# Teslacigs NANO 120W-Resistance Settings?



## Jurilee (17/1/18)

Hi 

I am struggling to figure out the resistance meaning and settings on my Nano 120 W.

Should i be changing settings?
Would it automatically select the best setting?
Should i be messing around with resistance settings?

Will settings on my Nano make a difference to my coil's lifespan/clouds/flavour?

Thank you


----------



## Stosta (17/1/18)

Jurilee said:


> Hi
> 
> I am struggling to figure out the resistance meaning and settings on my Nano 120 W.
> 
> ...


Hi @Jurilee and welcome to the forum!

Your resistance is determined by the coil that is inside your tank. What you can change is the wattage though.

So to answer your questions...

*Should i be changing settings?*
Most definitely!
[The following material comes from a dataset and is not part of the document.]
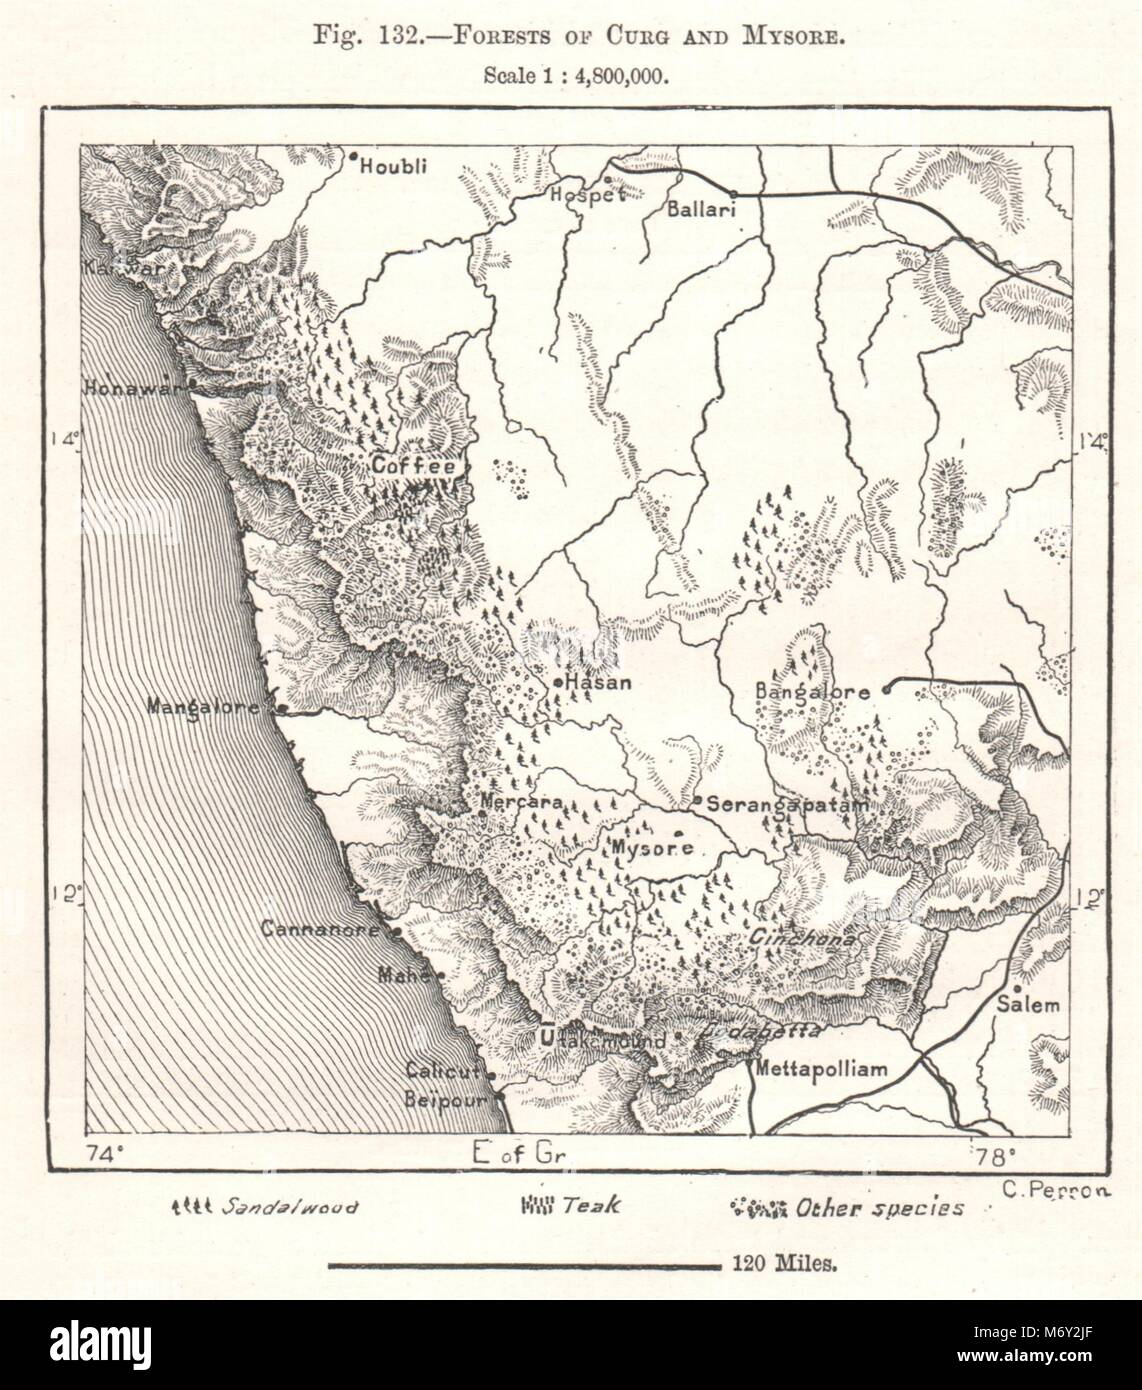 Carte De Linde Mysore.Forets D Curg Et Mysore L Inde Croquis 1885 Ancienne Carte Plan

You need to find the right spot that works for your preferred vape style and the flavour of the juice!

*Would it automatically select the best setting?*
No, you need to track it down yourself.

*Should i be messing around with resistance settings?*
Again i think you mean the power settings (measured in watts "W"). 

Take a shot of your mod with the screen on and I can better explain what you're looking at and where to go from there!

Reactions: Like 2


----------



## Modulas (17/1/18)

Tesla Nano can adjust resistance. I've always found it kinda useless, as the mod is/should already be reading the correct coil resistance. I'd say leave the resistance as is.

Reactions: Like 1


----------



## Stosta (17/1/18)

Modulas said:


> Tesla Nano can adjust resistance. I've always found it kinda useless, as the mod is/should already be reading the correct coil resistance. I'd say leave the resistance as is.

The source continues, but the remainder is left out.